There are numerous factors that can affect the rate at which your closeout is executed, including spread, price volatility and market liquidity. While a margin closeout is a final measure to help preserve your remaining capital, it is not a substitution for using stop losses on trades. OANDA encourages the use of stop losses as part of a risk management strategy.
If you leave positions open over the weekend or when markets are ‘halted’, you cannot close them until the markets reopen. Prices may change significantly or ‘gap’ when trading resumes. If prices move against you, a margin closeout may be triggered when trading resumes.
The margin needed to open each trade is derived from the leverage limit associated with the asset class that you wish to trade. For example, if you were trading with a particular instrument that had a maximum leverage of 30:1, you would need margin of 3.3 percent calculated from 1/30 x 100 = 3.3 percent. In other words, when trading with leverage of 30:1 you can open a £30 trade for each pound available in your account.
Account currency: GBP
In this scenario, you wish to open a long position of 5,000 units of GBP/USD. As leverage is 30:1, the margin needed to open this position is 3.3 percent of 5,000 = 166.67 GBP.
The NAV represents the current value of your account. It is the total of your account balance and all unrealised profits or losses (P/L) associated with your open positions.
Unrealised P/L refers to the profit or loss held on your open positions. This is equal to the profit or loss that would be realised if all of your open positions were immediately closed at prevailing market prices. As a result, this figure continuously fluctuates with price changes. Unrealised P/L is displayed in the ‘Account Summary’ section of the fxTrade user interface.
If you have open positions, then NAV is the sum of your account balance and your account’s unrealised P/L. Open positions will also mean that your account’s NAV will fluctuate with market movement. The NAV is displayed in the ‘Account Summary’ section of the fxTrade user interface.
Account currency: USD
Account balance: 50 USD
In this scenario, you have one open long position of 10,000 units of EUR/USD
The opening price of your position was 1.2581 and the current price for EUR/USD is 1.2570/72.
Accordingly, unrealised P/L = 10,000 x (1.2570 - 1.2581) = 10,000 x (- 0.0011) = -11 USD
NAV = 50 USD (Account Balance) - 11 USD (Unrealised P/L) = 39 USD
Your available funds are the sum of your account’s NAV that is not being used as margin requirement to maintain open positions. These funds are free to be used to open another position, transfer to another sub-account or withdraw. This figure is detailed in the ‘Margin Available’ field on the Account Summary section of the fxTrade user interface.
Account balance: 550 GBP
Unrealised P/L: -45 GBP
With the above in mind, your account’s NAV is 550 GBP – 45 GBP = 505 GBP.
In this example, you have two open positions with a cumulative margin requirement of 300 GBP.

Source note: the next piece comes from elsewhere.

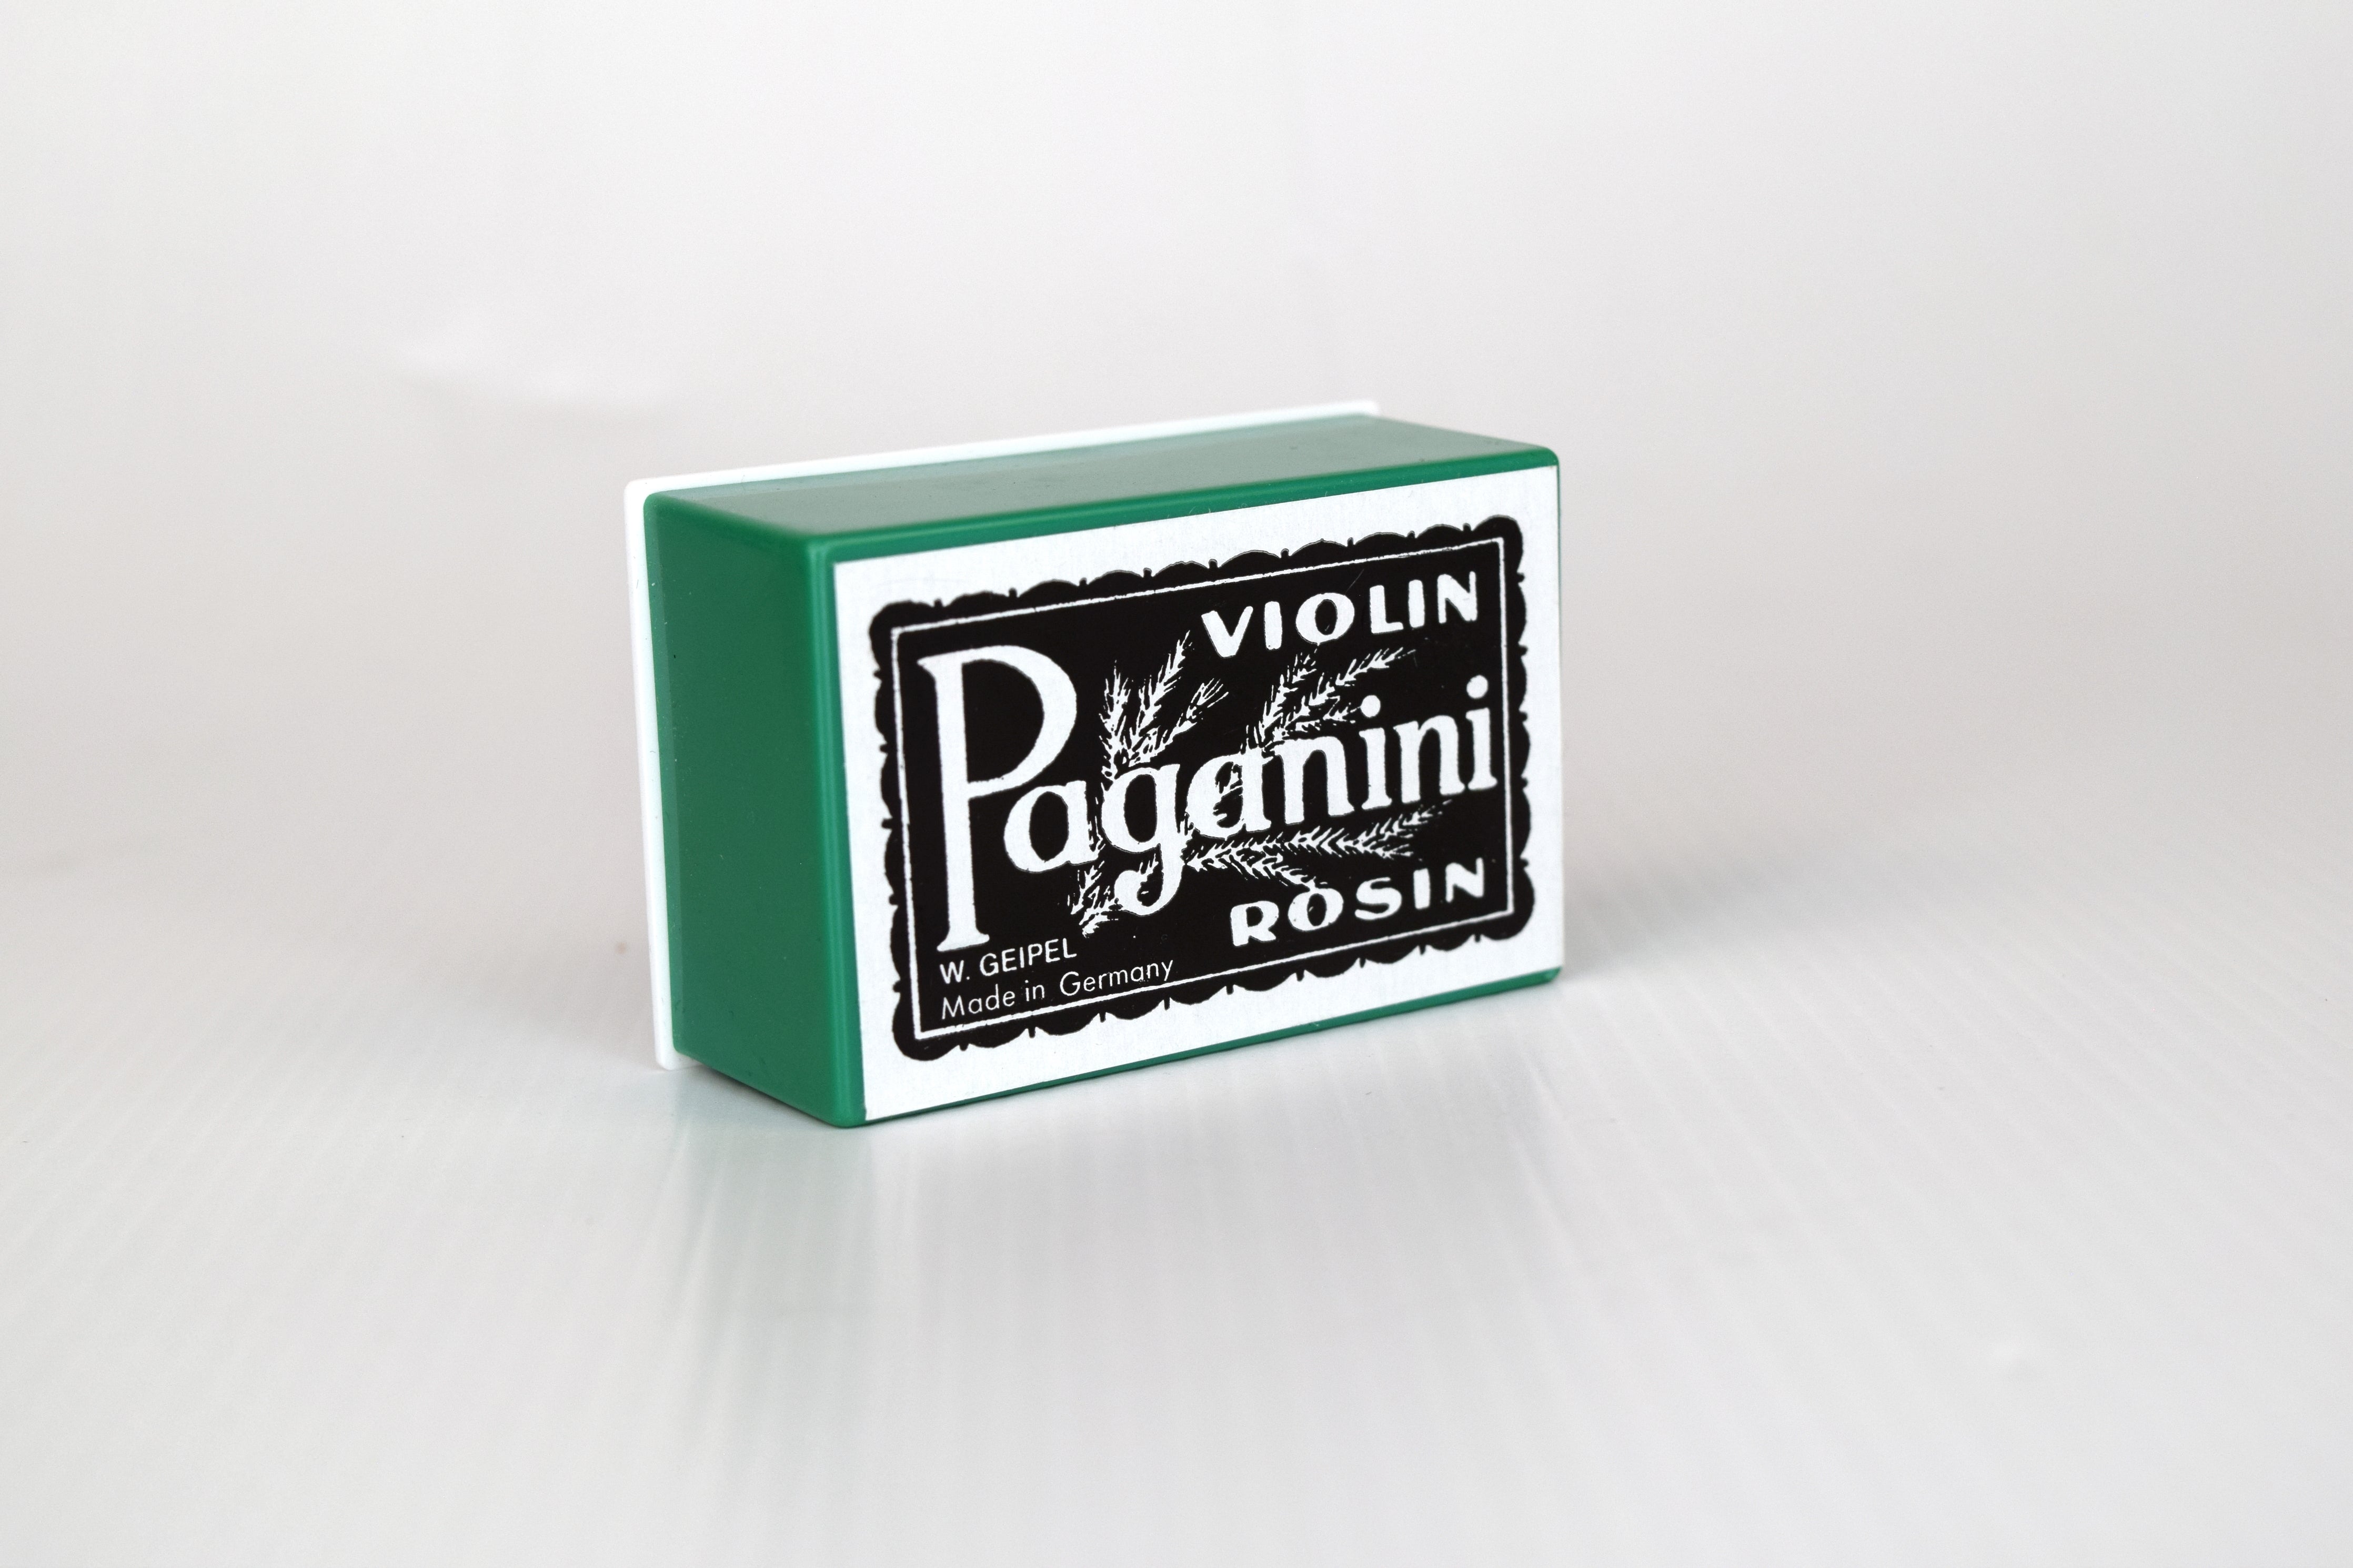 Paganini Violin Rosin with Cloth Cover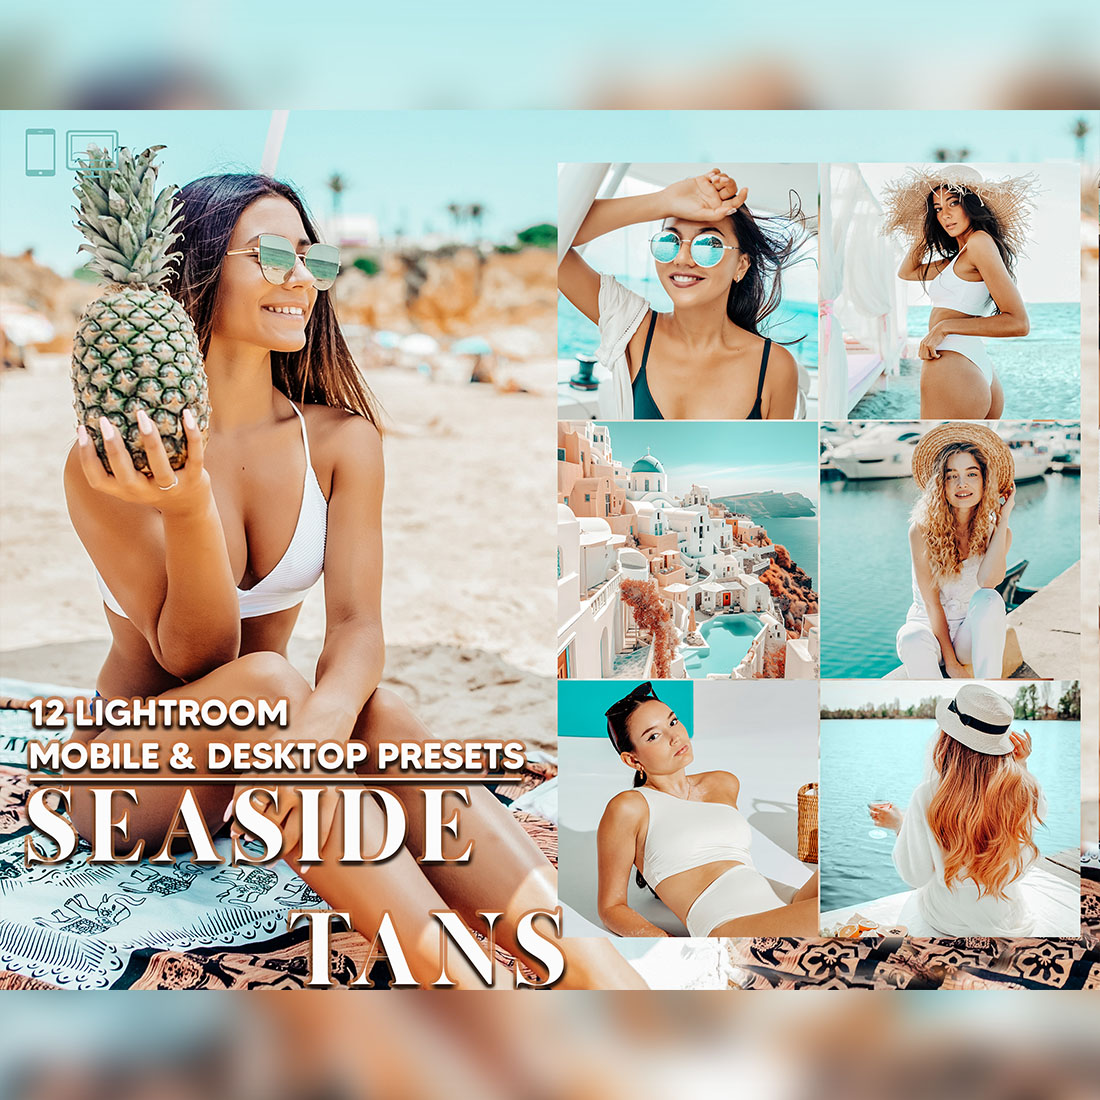 12 Seaside Tans Lightroom Presets, Bright Summer Mobile Preset, Sunkissed Desktop LR Filter Lifestyle Theme For Blogger Portrait Instagram cover image.

Therefore, your margin available = 505 GBP (NAV) – 300 GBP (margin requirement) = 205 GBP.
In this scenario, you would be able to open a new position if the margin needed to open that position was less than 205 GBP.
If your Margin Closeout Value* falls to less than half of your margin required, all open positions will be automatically closed using the current fxTrade rates at the time of closing. If trading is unavailable for certain open positions at the time of the margin closeout, those positions will remain open and the fxTrade platform will continue to monitor your margin requirements. When the markets reopen for the remaining open positions, another margin closeout may occur if your account remains under-margined.
*The Margin Closeout Value is equal to your balance plus your unrealized P/L from all open positions, converted into the currency of the account, all calculated using the current midpoint rates. This value is approximately equal to your NAV, but with slight deviations due to being calculated based on midpoint rates rather than bid/ask rates.
Account currency: GBP
In this example, you have one open long position in 10,000 units of GBP/ZAR. You are trading this instrument with leverage of 20:1.
With the above in mind, the margin needed to open your position was five percent of 10,000 GBP = 500 GBP. Therefore, the margin required to maintain your open position is 0.5(500 GBP) = 250 GBP.
This position will close therefore when your account’s NAV falls to 250 GBP or below.